Dissenting Opinion of Member Armendariz:

      For the reasons explained below, I would find the award deficient as contrary to management's right to select under § 7106(a)(2)(C) of the Statute. Accordingly, I dissent.

      The only contract provisions that are at issue in this case are those found in Article 13, which addresses "Promotions/Other Competitive Actions." In pertinent part, Section 5.D.1.(f) states that, "[i]n accordance with applicable laws, rules and regulations, the four applicants who rate at the top will be designated as Best Qualified (BQ)." The Agency maintains that it developed the "Good Potential Policy" in accordance with applicable laws, rules and regulations and "to meet the OPM requirement to establish qualitative meaningful distinction[s] from among minimally qualified applicants." Exceptions at 6. [n1]  The Agency asserts, and the Union does not dispute, that the Good Potential Policy would operate so as to "impose an average rating threshold of 3.0 or higher to screen out applicants in competitive actions[,]" and that "[a]pplicants who did not qualify at the 3.0 threshold would not be forwarded to the BQ list, even if they were among the top four applicants." Id.
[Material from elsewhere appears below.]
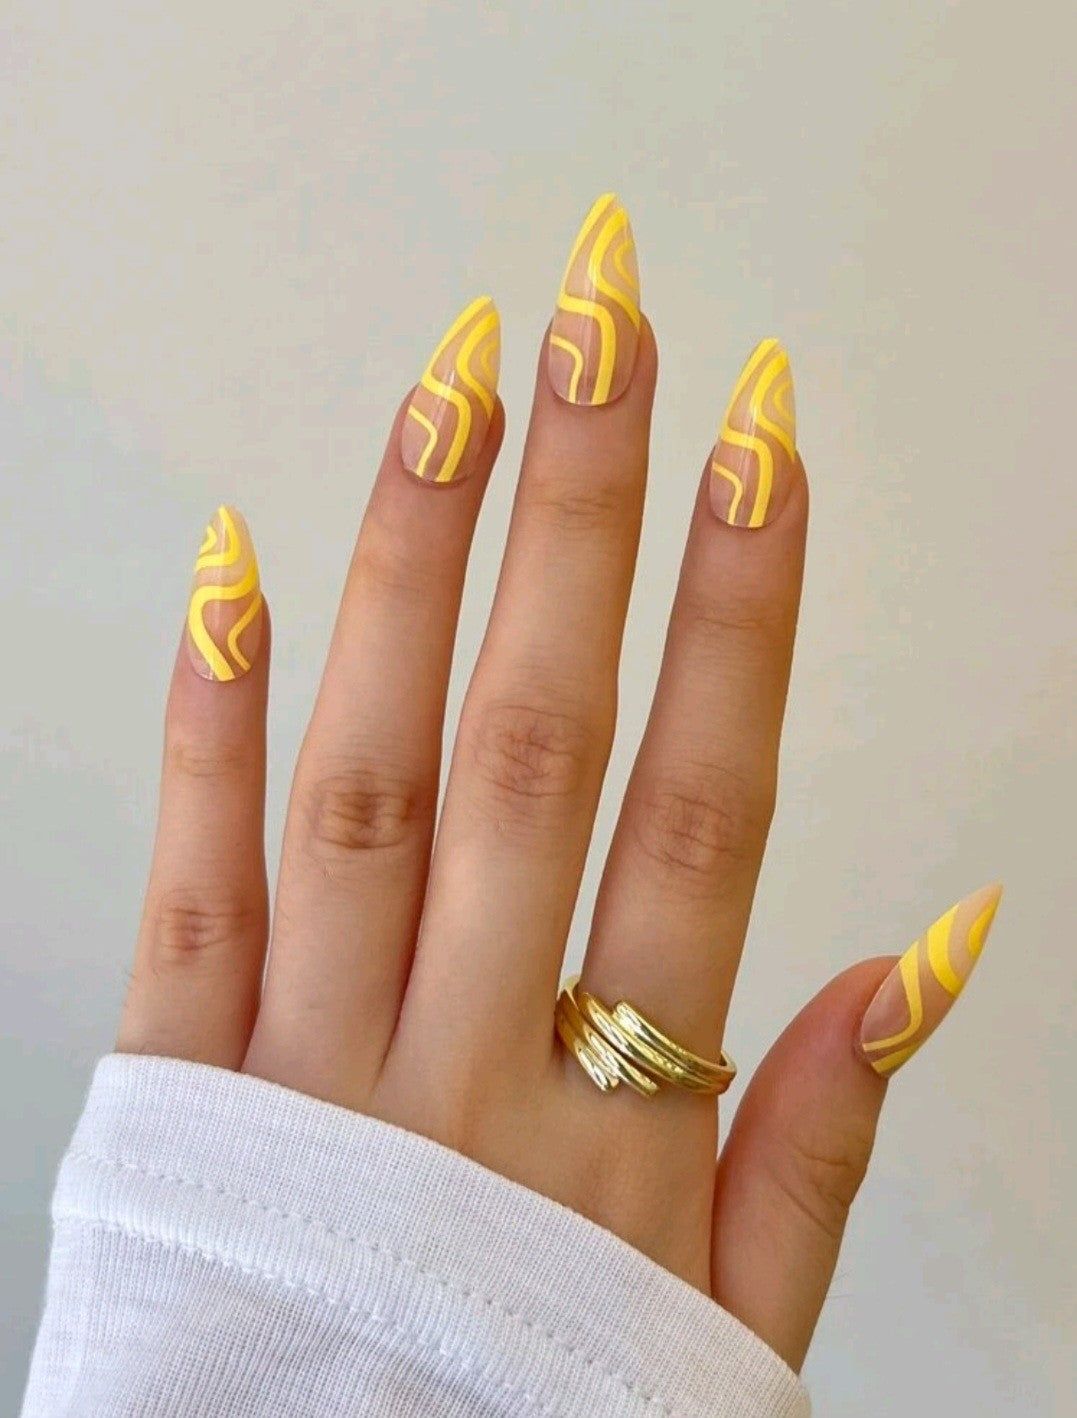 Yellow Nails and Black Leaf Nails Design for Fall - SoSo Nail Art | Yellow  nails, Sns nails colors, Fall nail designs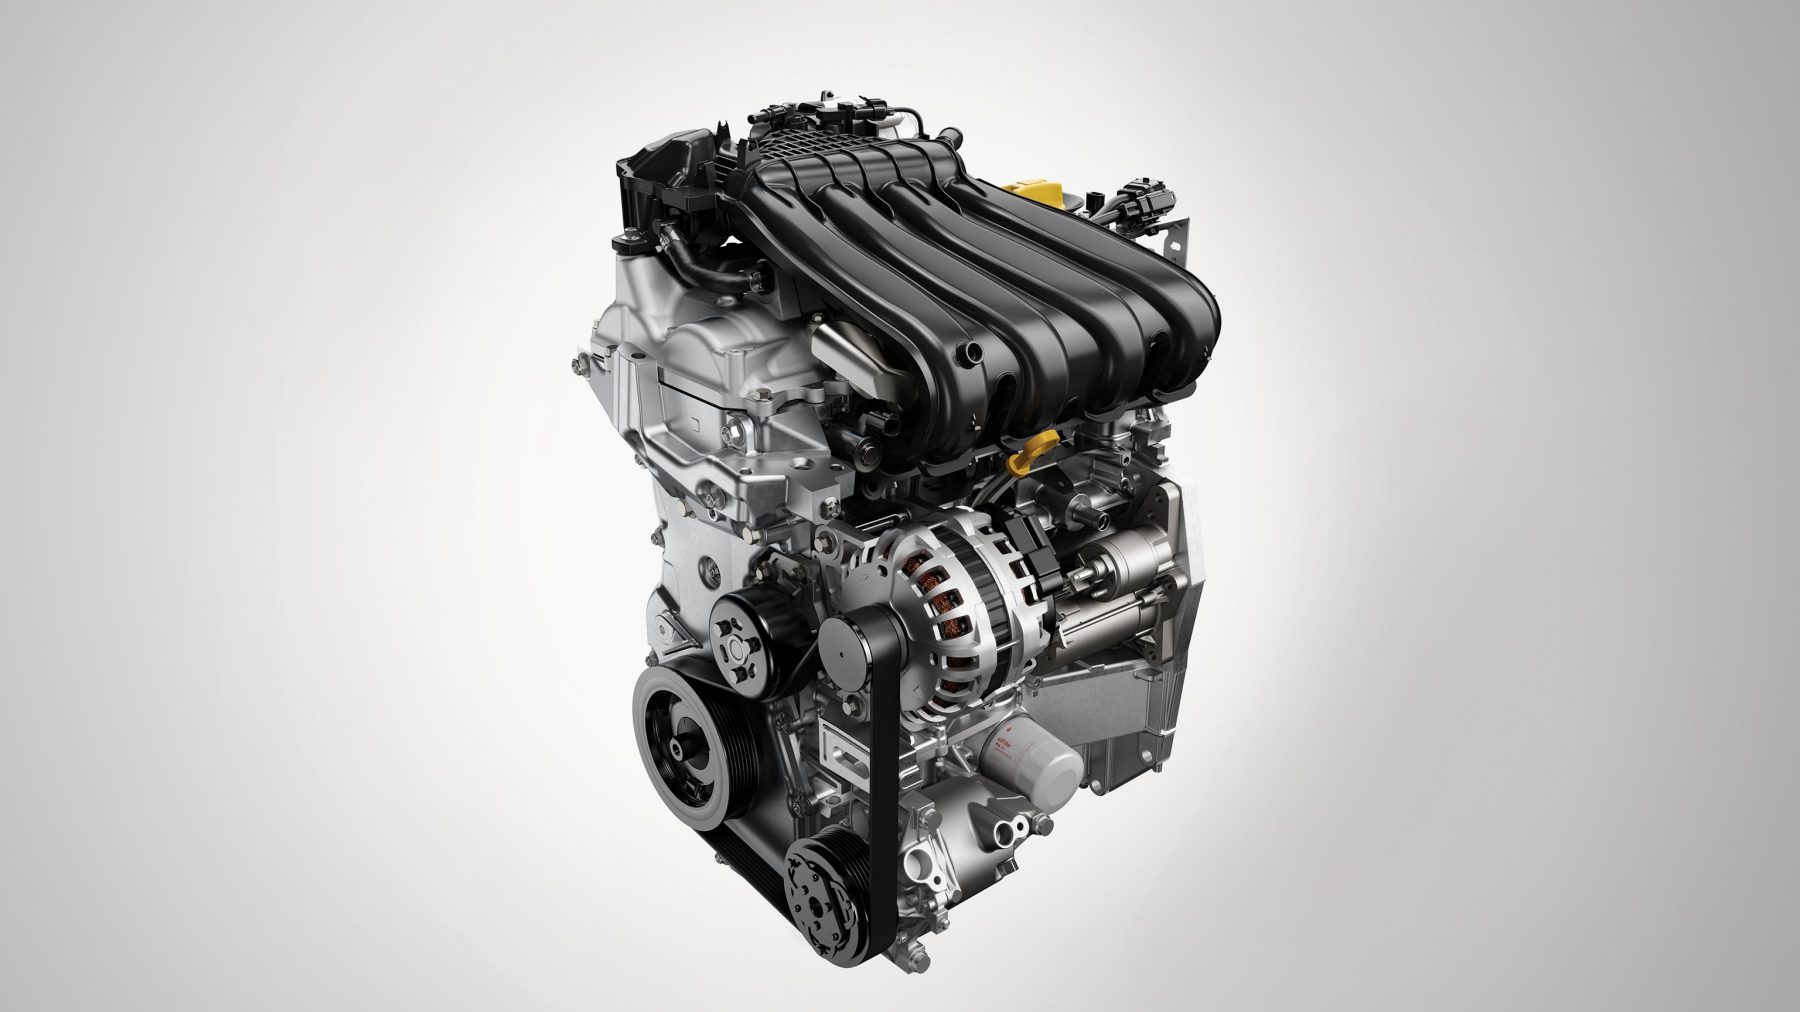 Двигатель renault k4m 1.6 литра - характеристики, ресурс, проблемы, отзывы

      The Arbitrator found that the Agency unilaterally implemented the policy and ordered the Agency to rescind it in full. The Agency did not, in my view, change the "agreed-upon procedures." Majority at 7. Instead, the Agency complied with those procedures, which, as stated above, require that the designation of applicants as "best qualified" be made "in accordance with applicable laws, rules and regulations[.]"

      Section 7106(a)(2)(C)(i) of the Statute, which is indisputably an applicable law, states, in relevant part, that an agency has the right "with respect to filling positions, to make selections for appointments from . . . among properly ranked and certified candidates for promotion[.]" Under well established Authority precedent, the right to select encompasses the right to determine the criteria by which an agency will assess whether candidates possess the requisite qualifications, skills, and abilities, see, e.g., Assn. of Civ. Technicians, New York State Council, 45 FLRA 17, 20 (1992) (ACT), and the weight to be given to those factors. See, e.g., AFGE, Local 31, 49 FLRA 957, 963 (1994). Proposals that prescribe the criteria to be used in assessing the extent to which candidates possess the requisite qualifications, skills, and abilities, and the weights to be given such factors, affect management's right to select. See ACT, 45 FLRA at 20.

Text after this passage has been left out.